In [91]: %timeit orig(col, lst)
1 loop, best of 3: 4.3 s per loop

Here the setup used for the benchmark. It also verifies that the output matches the result returned by orig:

import numpy as np
import random
import pandas as pd
import ahocorasick
import re

random.seed(321)

def orig(col, lst):
    mask = np.logical_or.reduce([col.str.contains(i, regex=False, case=False) 
                                 for i in lst])
    return mask

def using_regex(col, lst):
    """https://stackoverflow.com/a/48590850/190597 (Alex Riley)"""
    esc_lst = [re.escape(s) for s in lst]
    pattern = '|'.join(esc_lst)
    mask = col.str.contains(pattern, case=False)
    return mask

def using_ahocorasick(col, lst):
    A = ahocorasick.Automaton(ahocorasick.STORE_INTS)
    for word in lst:
        A.add_word(word.lower())
    A.make_automaton() 
    col = col.str.lower()
    mask = col.apply(lambda x: bool(list(A.iter(x))))
    return mask

N = 50000
# 100 substrings of 5 characters
lst = [''.join([chr(random.randint(0, 256)) for _ in range(5)]) for _ in range(100)]

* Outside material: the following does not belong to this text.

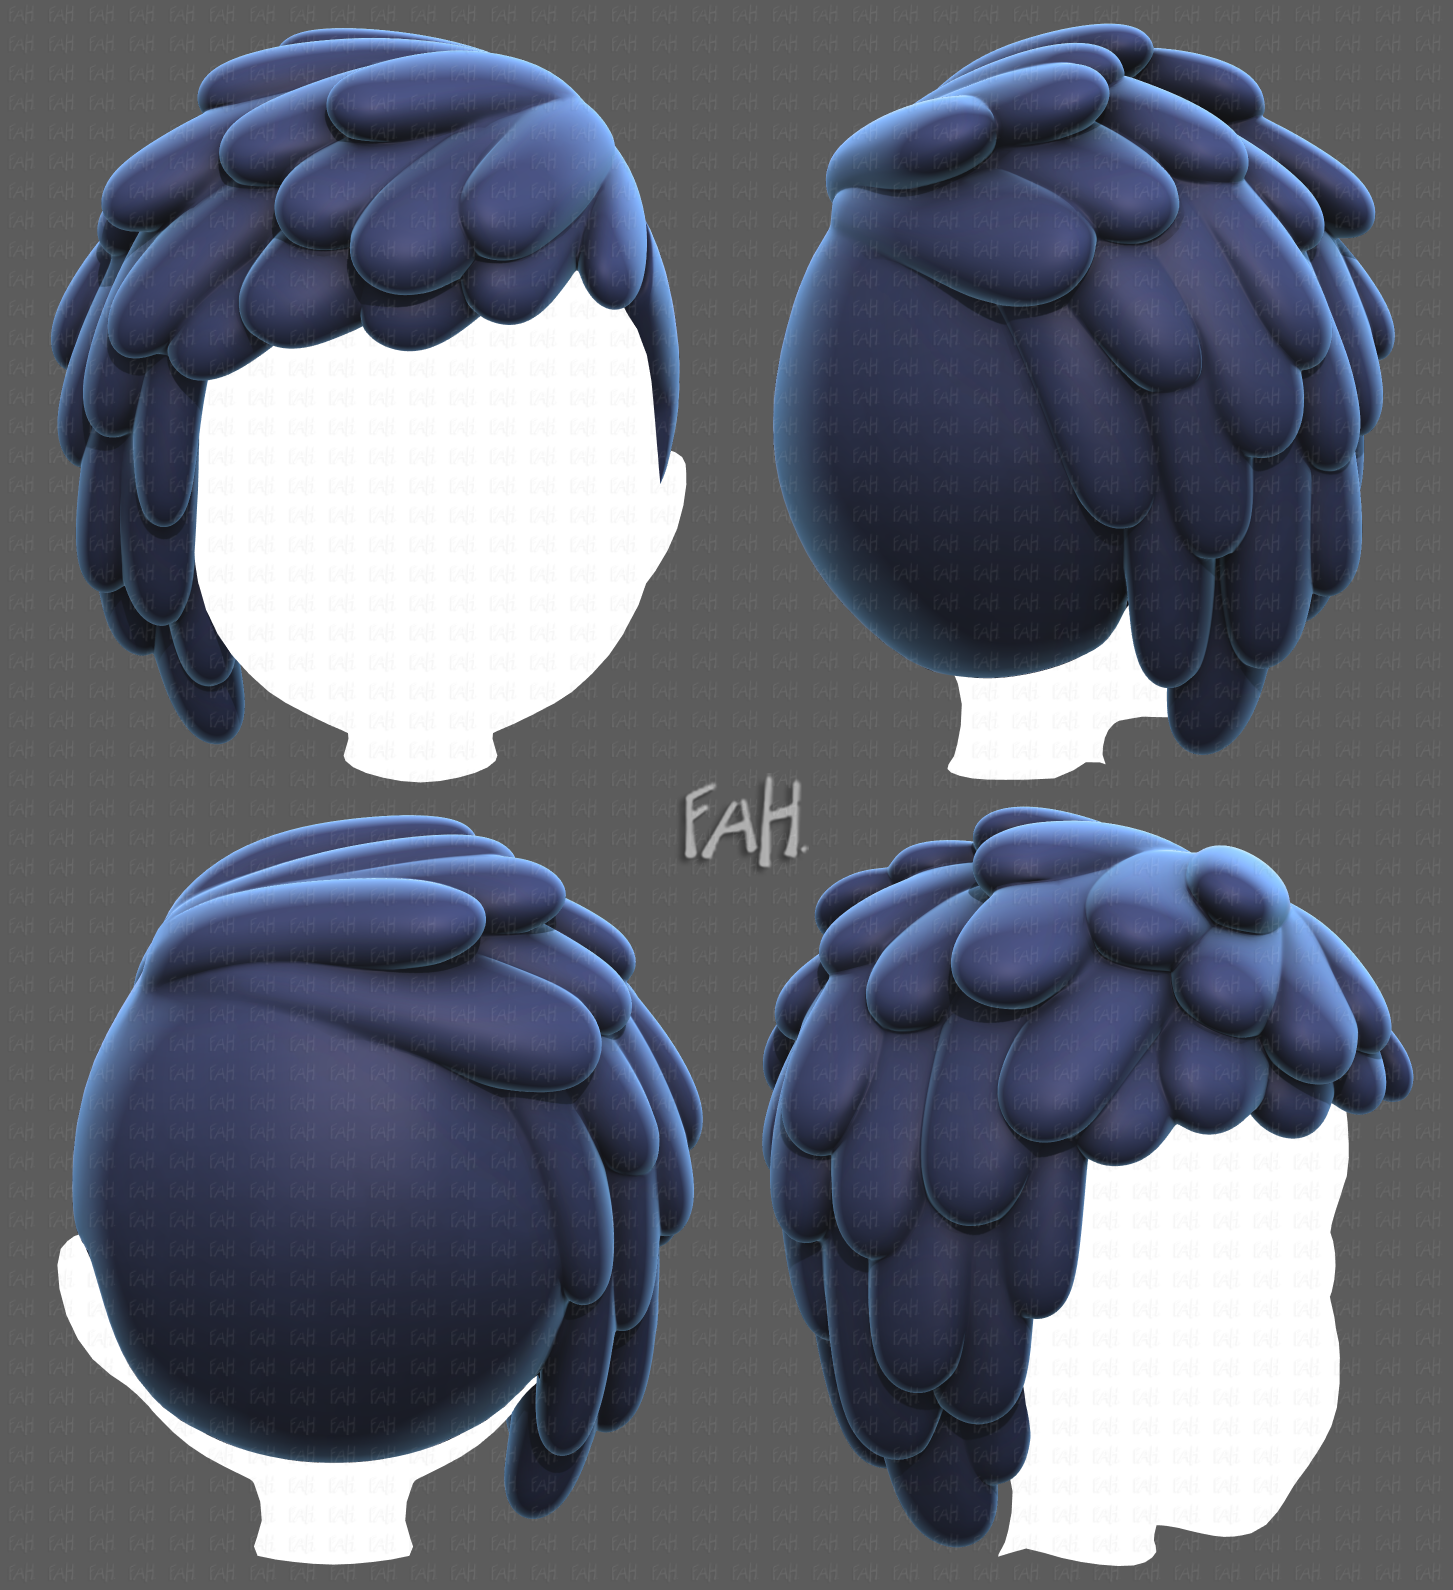 3d hair style for boy v62 3D Model in Clothing 3DExport

# N strings of 20 characters
strings = [''.join([chr(random.randint(0, 256)) for _ in range(20)]) for _ in range(N)]
# make about 10% of the strings match a string from lst; this helps check that our method works
strings = [_ if random.randint(0, 99) < 10 else _+random.choice(lst) for _ in strings]

col = pd.Series(strings)

expected = orig(col, lst)
for name, result in [('using_regex', using_regex(col, lst)),
                     ('using_ahocorasick', using_ahocorasick(col, lst))]:
    status = 'pass' if np.allclose(expected, result) else 'fail'
    print('{}: {}'.format(name, status))

If you're sticking to using pure-pandas, for both performance and practicality I think you should use regex for this task. However, you will need to properly escape any special characters in the substrings first to ensure that they are matched literally (and not used as regex meta characters).

This is easy to do using re.escape:

>>> import re
>>> esc_lst = [re.escape(s) for s in lst]

These escaped substrings can then be joined using a regex pipe |. Each of the substrings can be checked against a string until one matches (or they have all been tested).

>>> pattern = '|'.join(esc_lst)

The masking stage then becomes a single low-level loop through the rows:

df[col].str.contains(pattern, case=False)

Here's a simple setup to get a sense of performance:

from random import randint, seed

seed(321)

# 100 substrings of 5 characters
lst = [''.join([chr(randint(0, 256)) for _ in range(5)]) for _ in range(100)]

# 50000 strings of 20 characters
strings = [''.join([chr(randint(0, 256)) for _ in range(20)]) for _ in range(50000)]

col = pd.Series(strings)
esc_lst = [re.escape(s) for s in lst]
pattern = '|'.join(esc_lst)

The proposed method takes about 1 second (so maybe up to 20 seconds for 1 million rows):

%timeit col.str.contains(pattern, case=False)
1 loop, best of 3: 981 ms per loop

The method in the question took approximately 5 seconds using the same input data.

It's worth noting that these times are 'worst case' in the sense that there were no matches (so all substrings were checked). If there are matches than the timing will improve.